The difference between Birkhoff's axiom systems and earlier axiom systems for plane geometry is that his axioms use the real numbers and their properties. I go even further in this direction: I take the properties of distance, angle measure, and area as three of my axioms. This is actually a very common viewpoint; for example, in modern geometry the concept of a "metric space" is fundamental. A metric space is just a set of points with a distance function satifying our distance axiom.

In older axiom systems, distance, angle measure, and area were not mentioned! Instead, the traditional approach used the concepts of "congruence" of segments, angles, and polygons. This traditional viewpoint was inherited from the ancient Greeks, whose system of geometry was preserved in Euclid's Elements (c. 300 BC). The Elements were used as a geometry textbook until well into the 20th century. A scholarly annotated version of the Elements is available from Dover Books. There's also a wonderful online version of the Elements (by David Joyce) with java animations.

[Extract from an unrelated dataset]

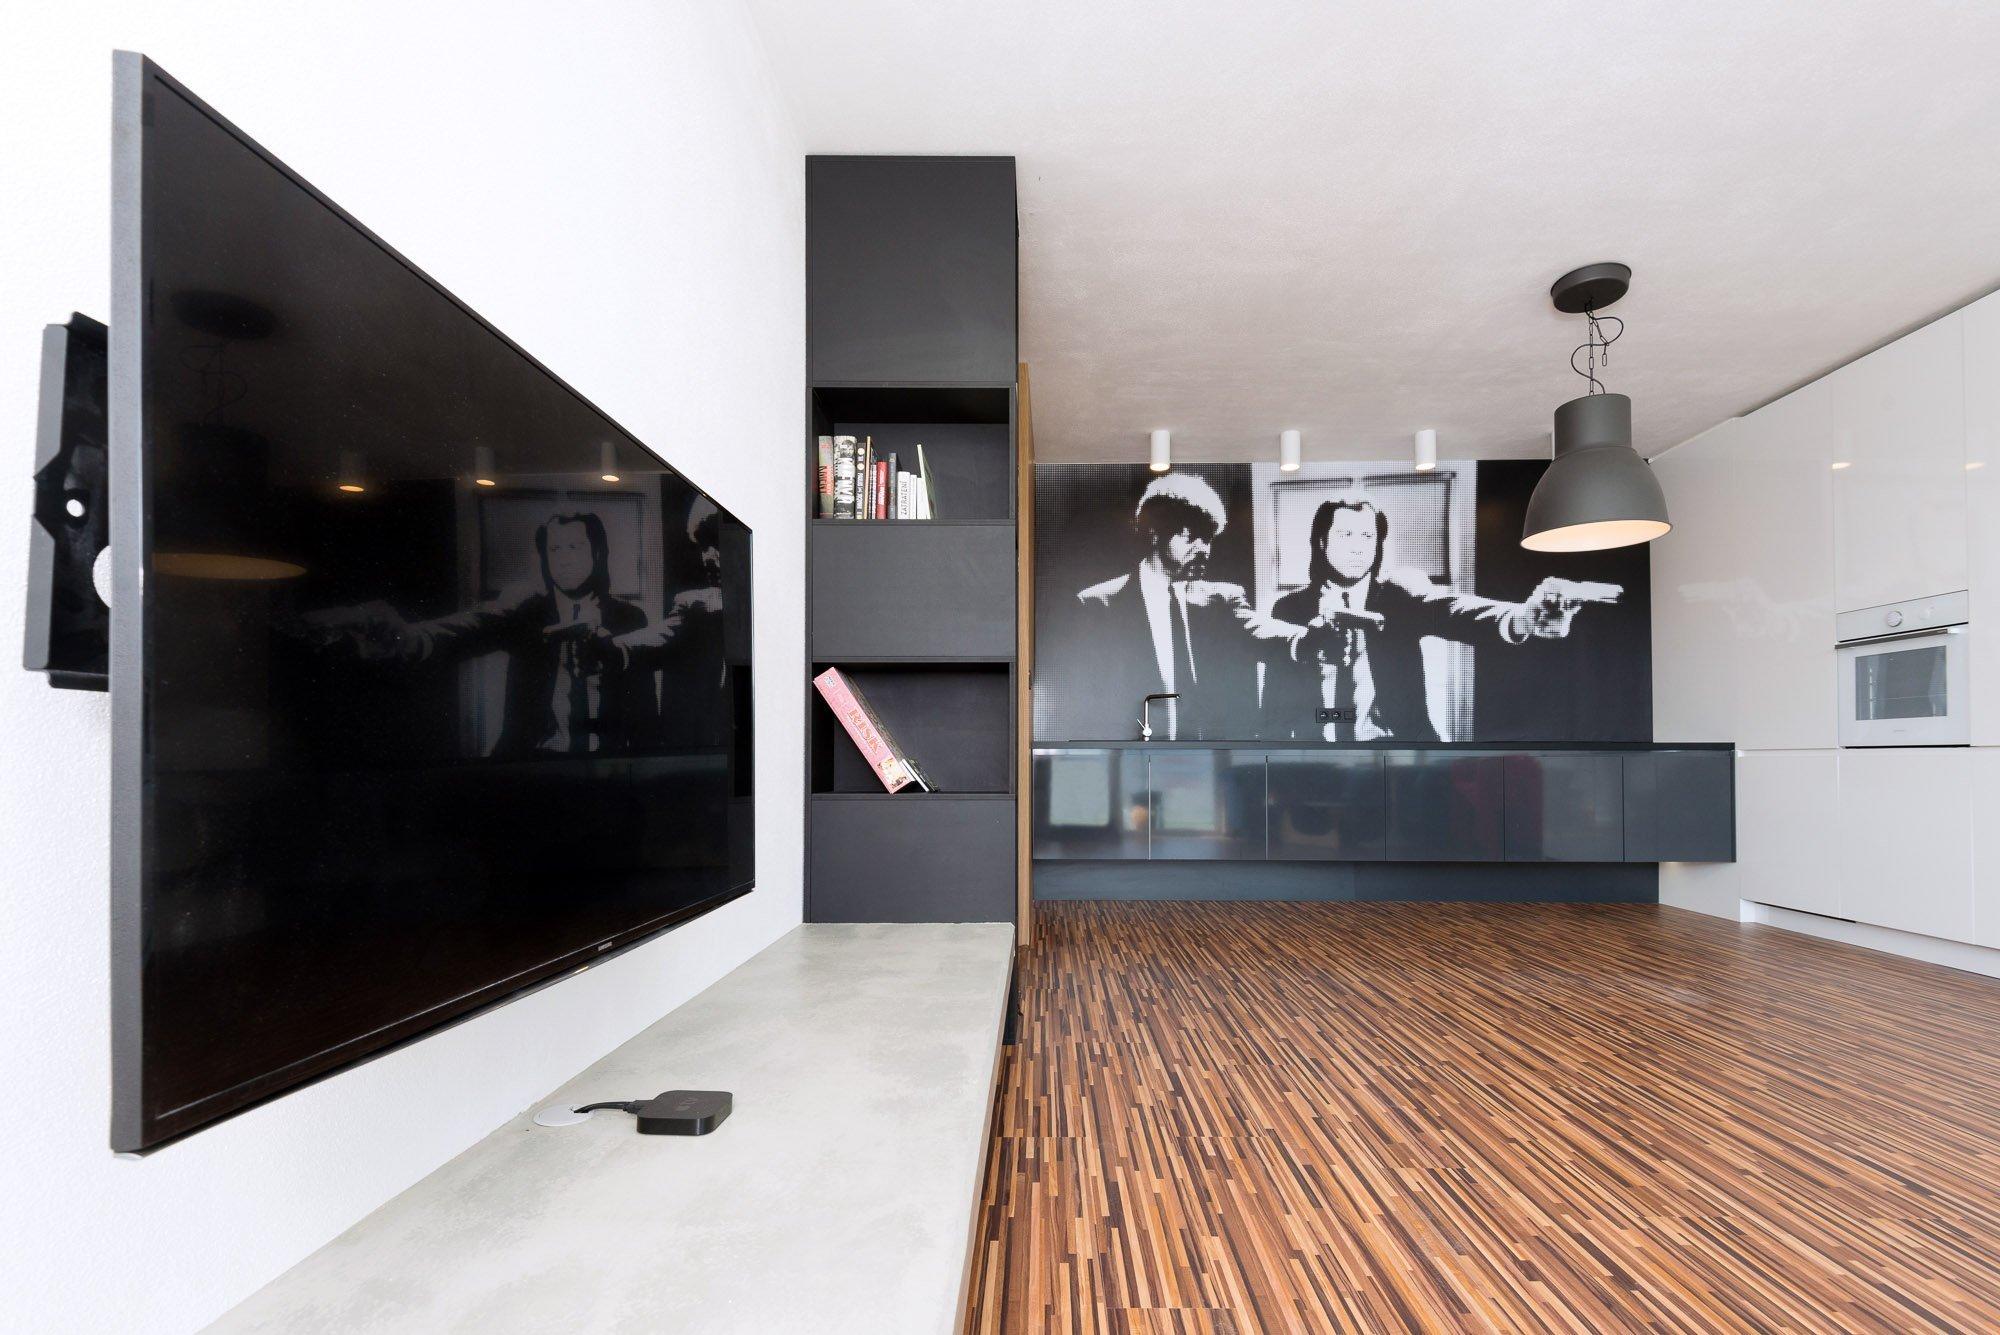 Krásny aštýlový byt vnovostavbe, ktorý zodpovedá povahe majiteľa a aktuálnym trendom v interiéri. Využitá nápaditosť vštýle filmového ducha …

Early in the 20th century mathematicians recognized that Euclid's axiom system was incomplete--concepts such as "between," "inside," "outside" were not made precise, but instead reasoning using pictures was used by Euclid. David Hilbert developed a modern axiom system which removed these defects, in his book Grundlagen der Geometrie (Foundations of Geometry), Leipzig 1902. (An English translation of the seventh edition is available in paperback from Open Court Press.) In Birkhoff's axiom system, questions of betweenness, et cetera, are handled through the properties of the real number line. (The properties of the real numbers were put on a solid logical foundation near the end of the 19th century.)

In the early 1960's Birkhoff's axioms were modified by the School Mathematics Study Group (SMSG) to provide a new standard for teaching high school geometry. (See Geometry, parts I and II, Student's Text and Teacher's Commentary, SMSG, Yale University Press, New Haven 1960.) Influential books written with this viewpoint are the college text Elementary Geometry from an Advanced Standpoint, by Edwin Moise (Addison-Wesley 1963, third edition 1990), and the high school text Geometry, by Moise and Floyd Downs (Addison Wesley 1964).

I prefer the simplicity of Birkhoff's original axiom system to the more elaborate system developed by Moise and SMSG. I believe that Birkhoff's axioms can be taught at either the college or the high school level, depending on whether the properties of the real numbers are used explicitly or taken for granted. My axiom system is appropriate for college students who have studied sets and functions; Birkhoff's is appropriate for high school students who have no experience with abstract mathematics.

A recent book which studies Euclidean geometry from an advanced viewpoint is Geometry: Euclid and Beyond, by Robin Hartshorne (Springer-Verlag 2000). (Actually Hartshorne follows Hilbert more than he follows Euclid.) Hartshorne emphasizes that Euclid's axioms do not need the properties of real numbers; instead Euclid's development of geometry (made precise by Hilbert) actually contains the construction of the real number system!

C. McCrory 9/17/04